We work hard with our dieters to overcome thoughts like, “It’s okay to give in just this one time,” or “Just this one time won’t matter.” We teach dieters that every time, and every decision matters because it all has consequences for the next time. If you’re familiar with our work, you know that we say that every person has two psychological muscles: the giving-in muscle and the resistance muscle. The giving-in muscle is the muscle that allows dieters to give in and make eating/drinking decisions that run contrary to their weight loss goals. The resistance muscle is the muscle that enable dieters to resist doing something they know they shouldn’t, and to make decisions that support their weight loss goals.
Recently, I was working with a dieter on the skill of eating everything sitting down. She told me that she did well with the skill except she continued to eat fruit standing up because, “It didn’t have that many calories.” I reminded her that the skill was to eat everything sitting down, not everything with more than 20 calories, or everything bigger than a quarter. When she ate standing up, whether it was a blueberry or a brownie, she was reinforcing the idea, “I don’t have to do what I said I would do if I don’t feel like it.” By eating standing up, no matter what the food was, she was exercising her giving-in muscle. And the problem is that it’s not one giving-in muscle that allows her to eat standing up, and one that allows her to skip reading her response cards, and one that allows her to eat extra at dinner, and one that allows her to throw her dessert plan out the window. They are all connected, and once she starts giving in in one area, she makes it far more likely she’ll start giving in in other areas, too. By the same token, she makes it harder to resist giving in because she’s weakened her resistance muscle.

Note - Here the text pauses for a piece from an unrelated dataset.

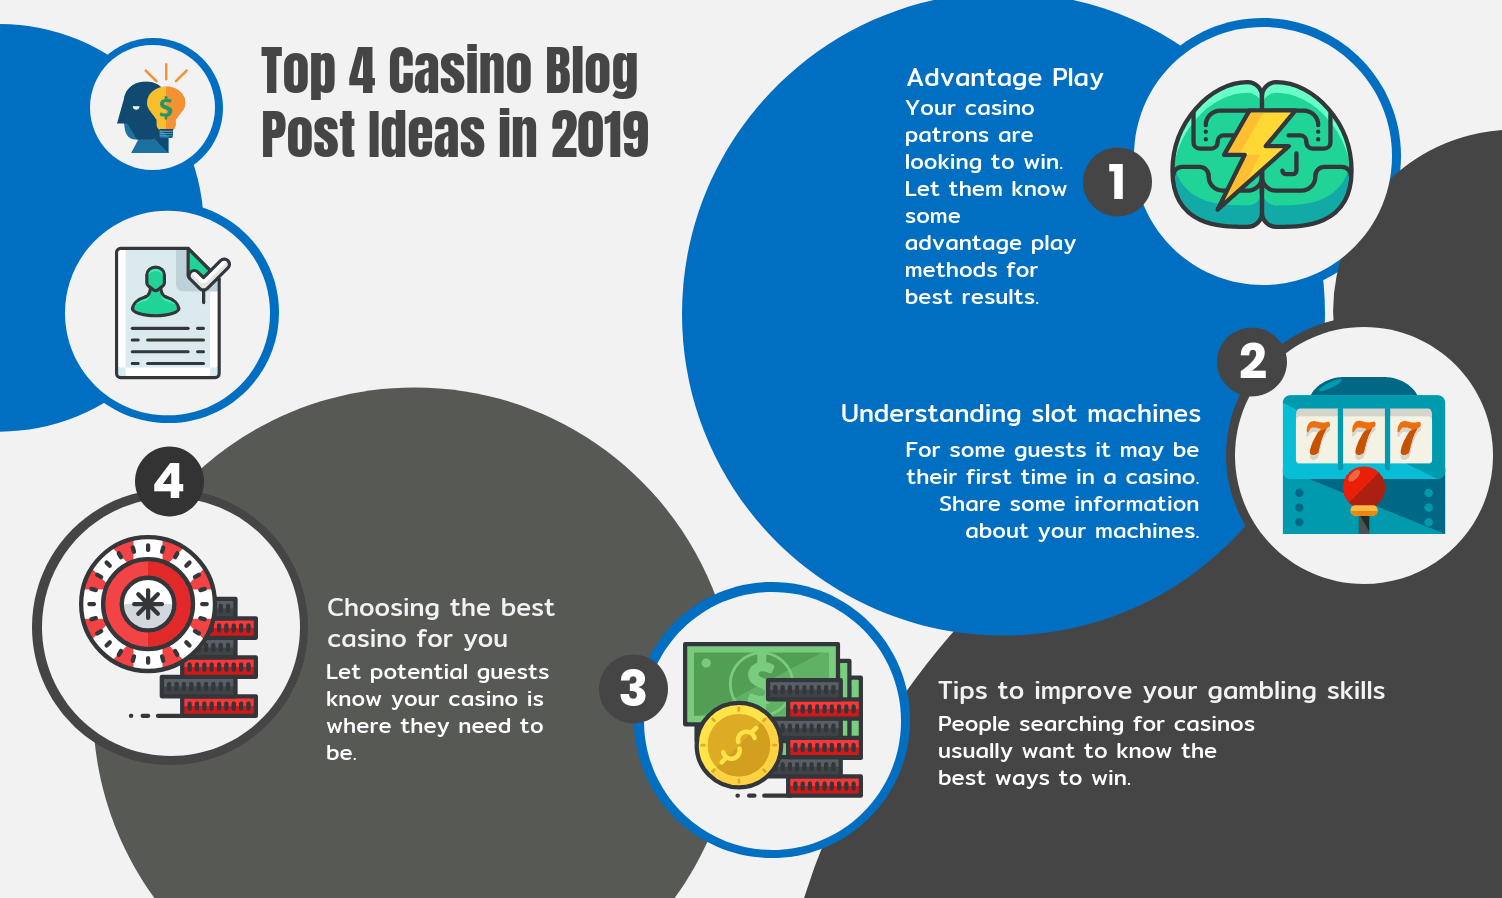 Top 4 Casino Blog Post Ideas in 2019
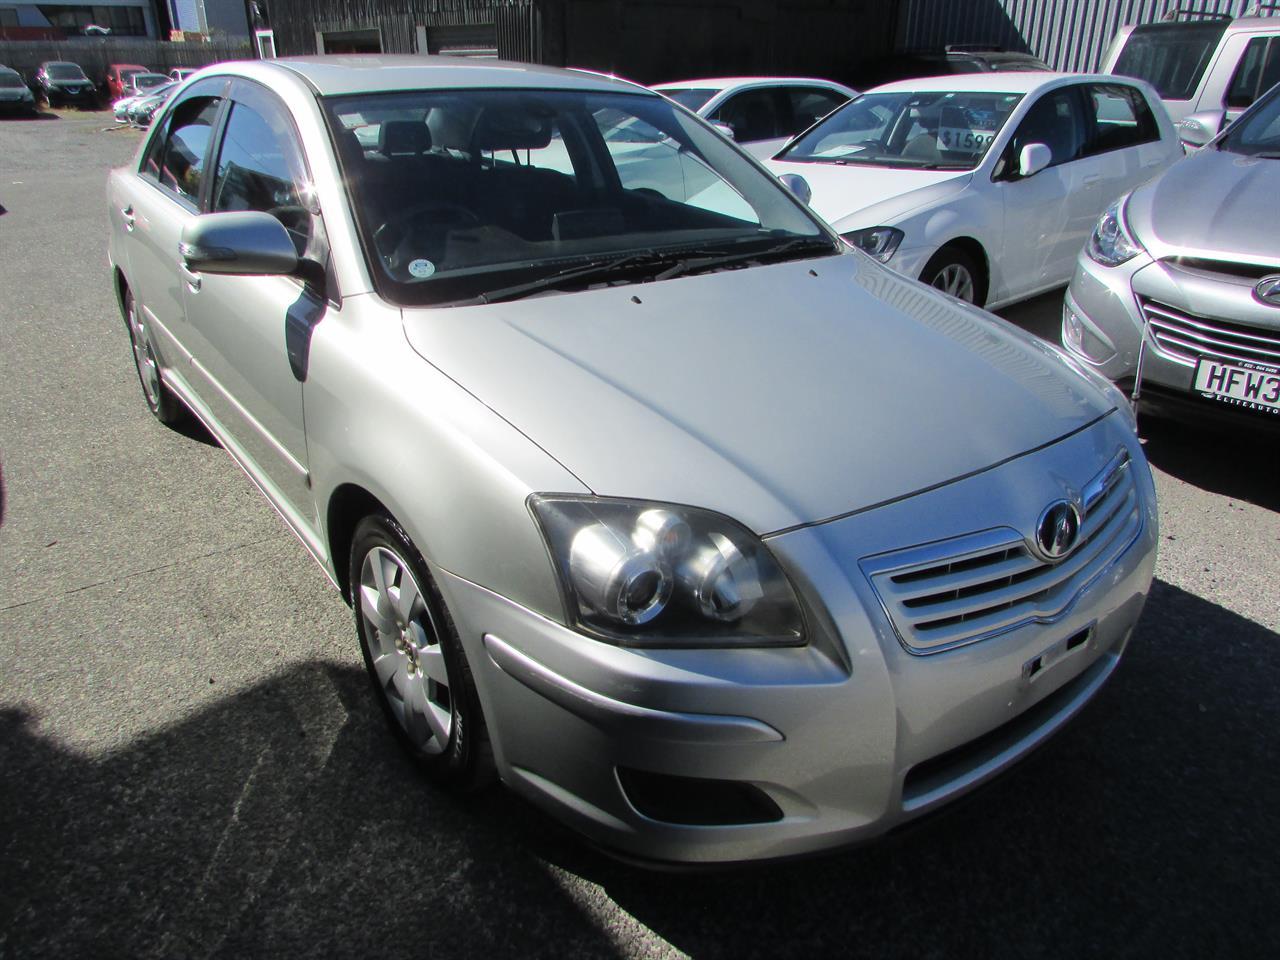 Motors Cars & parts Cars : 2006 Toyota Avensis 2.0 Camchain Black trim Low km

Another dieter I worked with made a plan to have two glasses of wine at a party. She ended up having three, and said to me, “But that was at least better than the four or five I could have had.” In some ways she was right; in terms of calories consumed and possible hangover effects, three glasses of wine are better than more. But in terms of the psychological effect, three was similar to four or five because she was still sending herself the message, “It’s okay not to stick to my plan.” This means that the next time she’s tempted to not stick to her food and drink plan, it will be harder for her to overcome the temptation because she strengthened her giving-in muscle.
A third dieter was recently on vacation and ended up not eating what she had planned for breakfast because another option looked better in that moment. She had the thought, “Just this one time won’t matter.” I asked her how the rest of the day went and she acknowledged that she got off track at lunch and dinner. This was a great reminder that one time is never just one time! Giving in begets giving in, and once dieters start giving in, that’s the mode they tend to continue in. By the same token, resisting and making on-track decisions makes it easier and more likely that they’ll continue to stay on track.
So whether or not it’s an extra 100 calories a day, if dieters start buying into thoughts like, “Just this one time” or “Once won’t matter” or “Just this little bit” or “It could have been so much more,” pretty soon it will be much more than 100 extra calories.